I felt like a child again. Everywhere I turned, there was someone chastising me and the world I lived in. After an adult lifetime of work, I was being charged with representing evil. They even used the “M” word (to an Italian, that is the ultimate slur, to belong to an organized criminal enterprise).

Then I decided to try the game from my accuser’s perspective, work up empathy for their pain and suffering.

It happened when I was in California last month, there were some things I forgot to bring back. A week in wine country and how could I not remember to snag a few gems for the old homestead’s larder? This would be the perfect opportunity to put my plan into action. I would make up for the time lost, and late one evening I got online, credit card at the ready. I was going to go around the system, make a break from the conventional, go hog wild.

I had scoped out what I wanted to buy. There were pleasant memories from past transgressions of interstate commerce. Smoky flavors, mellow wood, something exotic, not your usual Limousin. There was a firmness to the body, a bold expression of flavors, with comfort and the forbidden, interwoven into a burst of flavor that I could not forget. In fact, this one was hard to shake off. I just had to get me some more. All the years of traveling, immersing myself in Italian counterparts had me all but renouncing where I had come from, as if I were in front of Savonarola at the Inquisition.

But now I was in outlaw mode. This would be no whimper of rebellion. I would stand tall with the other revolutionaries who were rejecting the accepted norms or procurement. How would this put me in the standing of my industry colleagues? Or the Italians who had fed me the finest from their artisanal confines? It might put me at risk, but it was a chance I just had to take.

I navigated on to the website, a thriving business located in California. There, a menu of selections with descriptions and sizes sent my head spinning. I could envision the pleasure at the table with some of these prized finds, my mouth watered at the mere thought of it. Was this euphoria from the forbidden fruit or was I entering an altered state over my turn to lawlessness? I don’t know and I didn’t care, I was going all the way.

I put my order in and proceeded to the online check out. But I kept getting sent back to the previous menu, only to enter the information again. After three or four times, I started to worry. Was my credit card invalid? Had someone hijacked it again? This only made me want it more, to embrace the dark side. Friends had told me there would be a thrill, but I kept getting knocked back. What was going on? I was befuddled.

I had heard that it was difficult getting what I wanted across state lines, but others had told me they did it, they were lawbreakers. I wanted to be a lawbreaker too. I wanted to be a rebel with a cause.

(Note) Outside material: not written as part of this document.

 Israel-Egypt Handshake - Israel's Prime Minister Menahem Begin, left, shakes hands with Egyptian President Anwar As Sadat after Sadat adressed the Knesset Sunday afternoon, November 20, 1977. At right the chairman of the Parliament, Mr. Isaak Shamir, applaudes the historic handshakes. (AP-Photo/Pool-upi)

And then I saw a red notice pop up on the screen. AVAILABLE IN CA ONLY, it announced. I was busted, unable to break away from the conventions of tradition. Trapped in an Old World Order.

What was I to do?

And then I remembered. I could have it shipped to my mom in Southern California and pick it up the next time I was out there. Or if I needed it sooner, perhaps she could break the law too, and send it to me.

I decided to pick it up next time I went to visit. After all, moms love to cook for their sons. Who doesn’t love an old-fashioned country breakfast of lacy fried eggs, biscuits, fresh California orange juice and the ultimate jailbait, mahogany smoked bacon?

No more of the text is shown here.